Reputation: 3837
I have a list containing unique pairs of values x and y; for example:
x y
-- --
1 A
2 A
3 A
4 B
5 A
5 C
6 D
7 D
8 C
8 E
9 B
9 F
10 C
10 G
I want to divide this list of pairs as follows:
Group 1
1 A
2 A
3 A
5 A
5 C
8 C
10 C
8 E
10 G
Group 2
4 B
9 B
9 F
Group 3
6 D
7 D
Group 1 contains
The pairs in Group 2 can't be reached in such a manner from any pairs in Group 1, nor can the pairs in Group 3 be reached from either Group 1 or Group 2.
As suggested in Group 1, the chain of connections can be arbitrarily long.
I'm exploring solutions using Perl, but any sort of algorithm, including pseudocode, would be fine. For simplicity, assume that all of the data can fit in data structures in memory.
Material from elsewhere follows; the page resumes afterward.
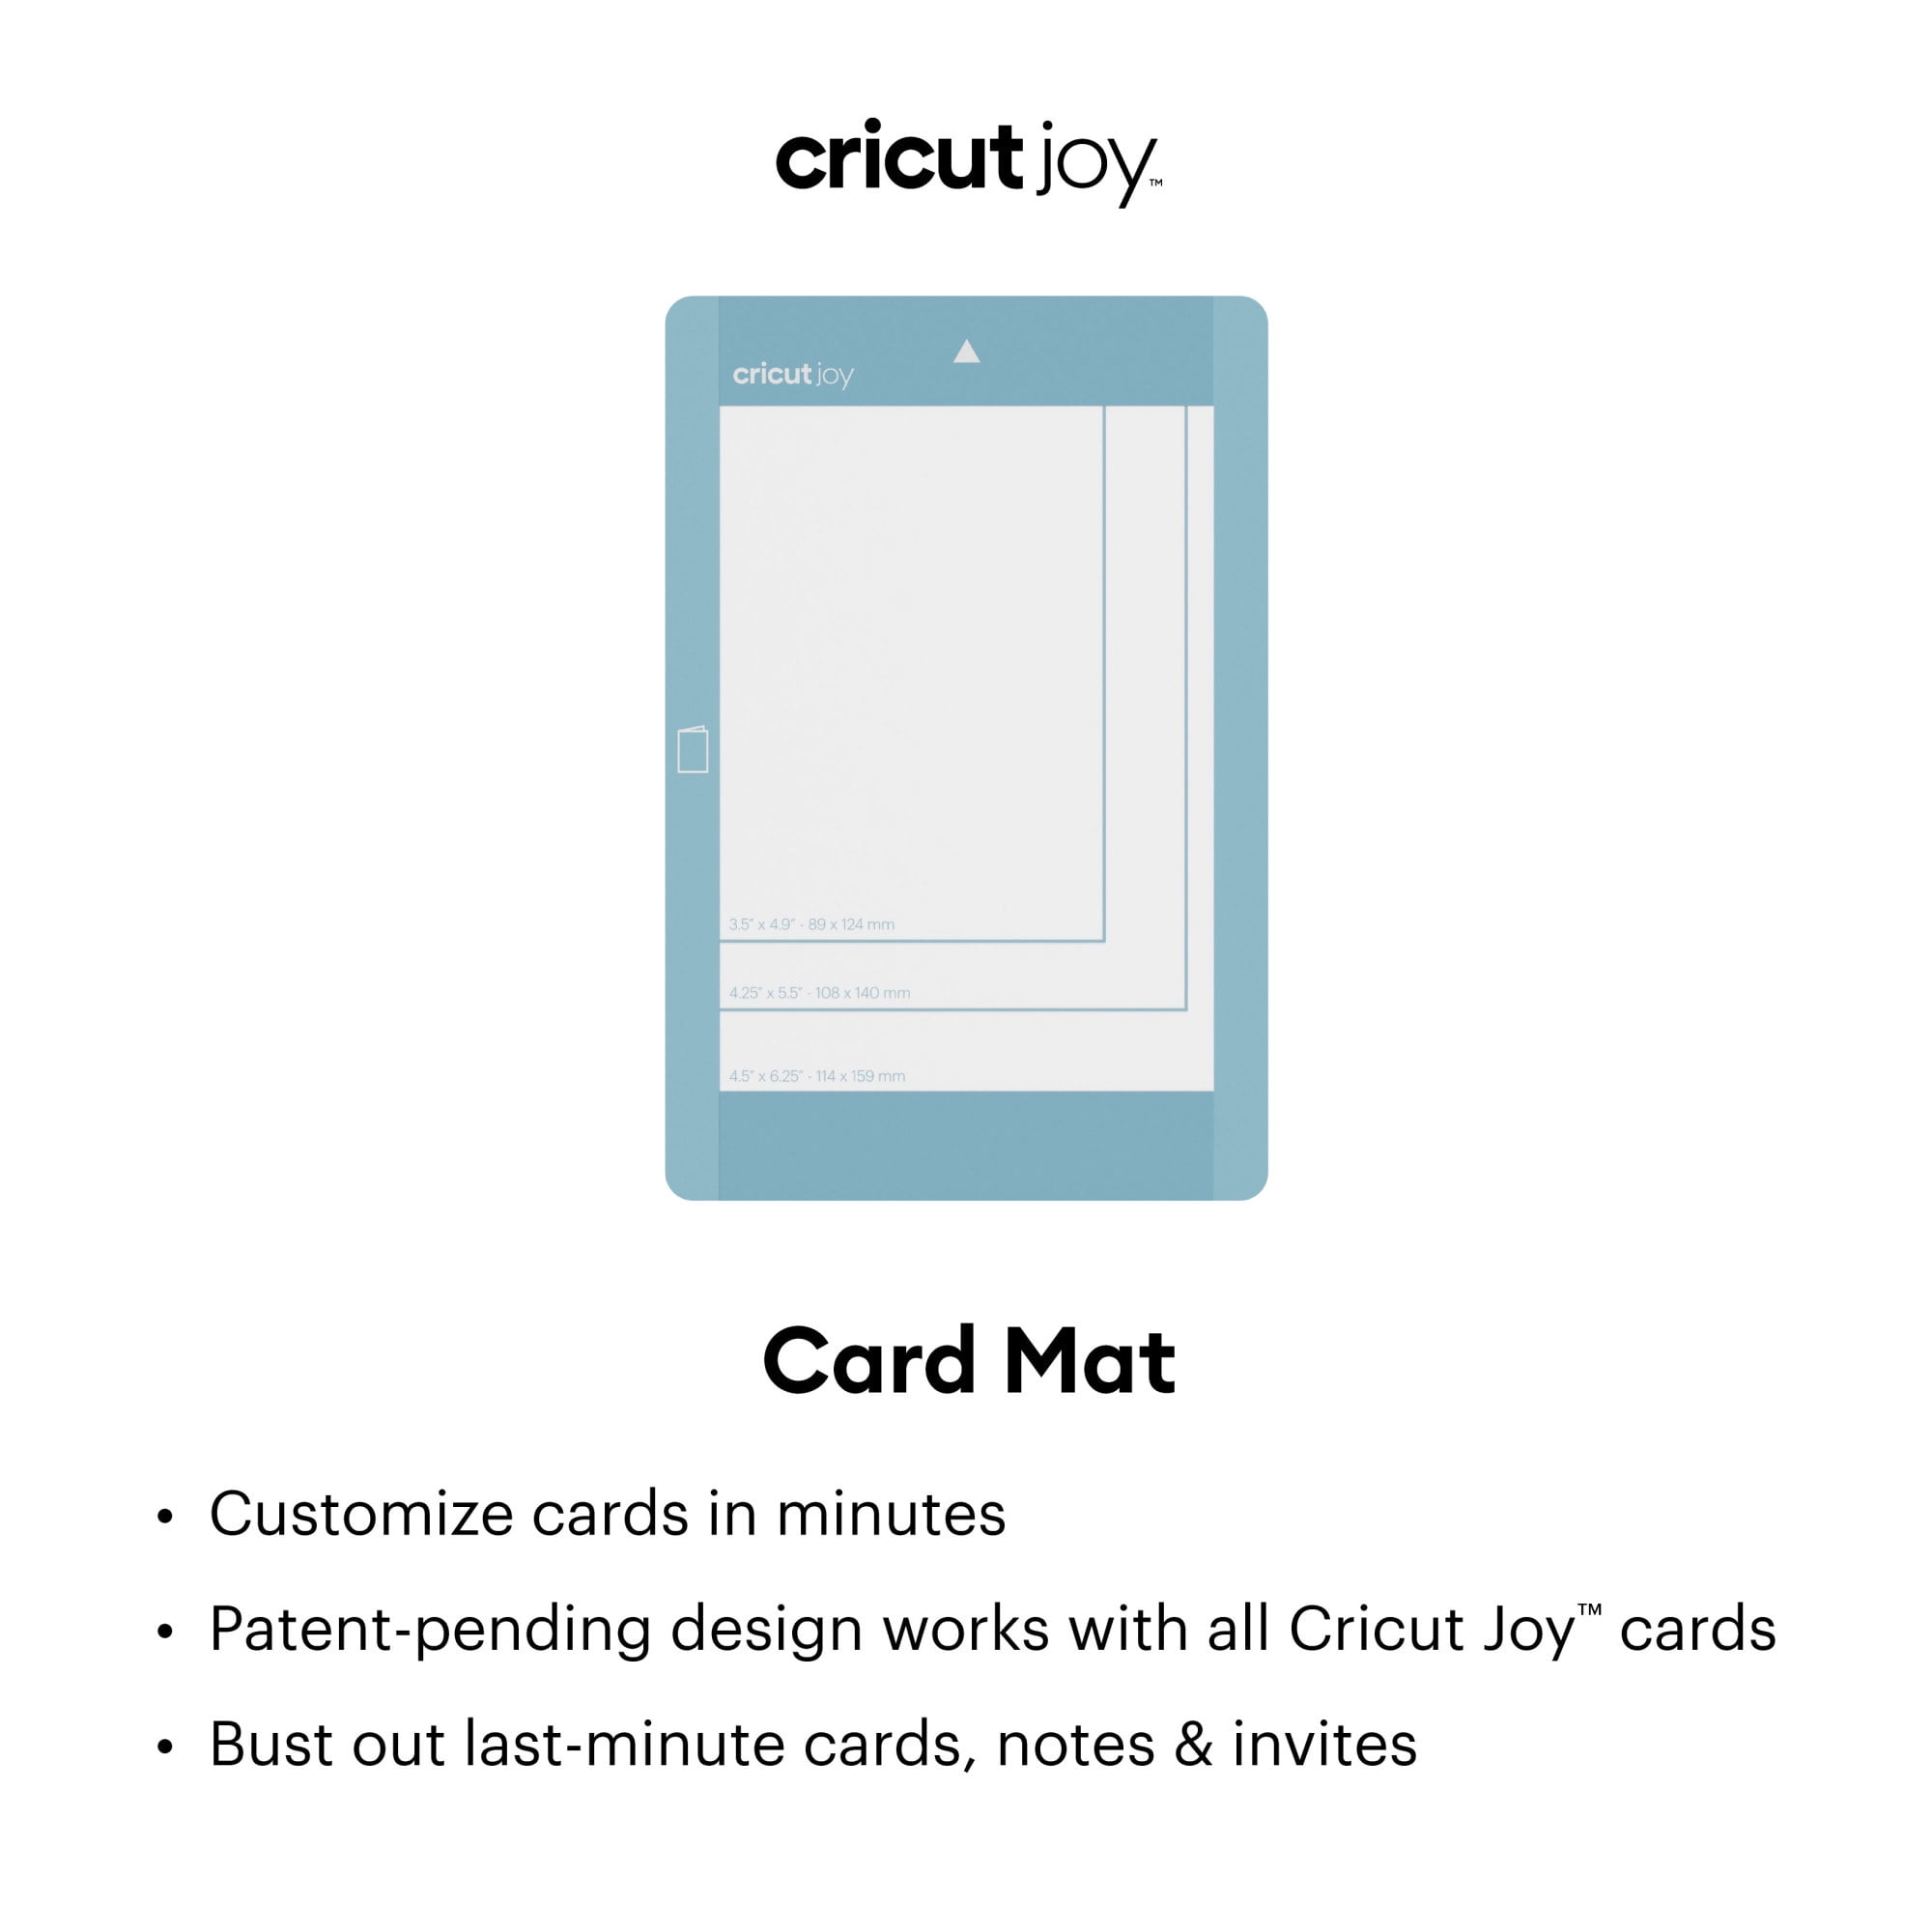 Cricut Joy Card Mat 4.5x6.25

[UPDATE] Because I need to apply this approach to 5.3 billion pairs, scaleability is important to me.
Upvotes: 2
Views: 246
Reputation: 9085
You can think of the letters and numbers as nodes of a graph, and the pairs as edges. Divide this graph into connected components in linear time.
The connected component with 'A' forms group 1. The other connected components form the other groups.
Upvotes: 1
Reputation: 77900
Pick a starting point. Find all points reachable from that, removing from the master list. Repeat for all added points, until no more can be reached. Move to the next group, starting with another remaining point. Continue until you have no more remaining points.
pool = [(1 A), (2 A), (3 A), (4 B), ... (10 G)]
group_list = []
group = []
pos = 0
while pool is not empty
group = [ pool[0] ] # start with next available point
pos = -1
while pos+1 < size(group) // while there are new points in the group
pos += 1
group_point = group[pos] // grab next available point
for point in pool // find all remaining points reachable
if point and group_point have a coordinate in common
remove point from pool
add point to group
// we've reached closure with that starting point
add group to group_list
return group_list
Upvotes: 1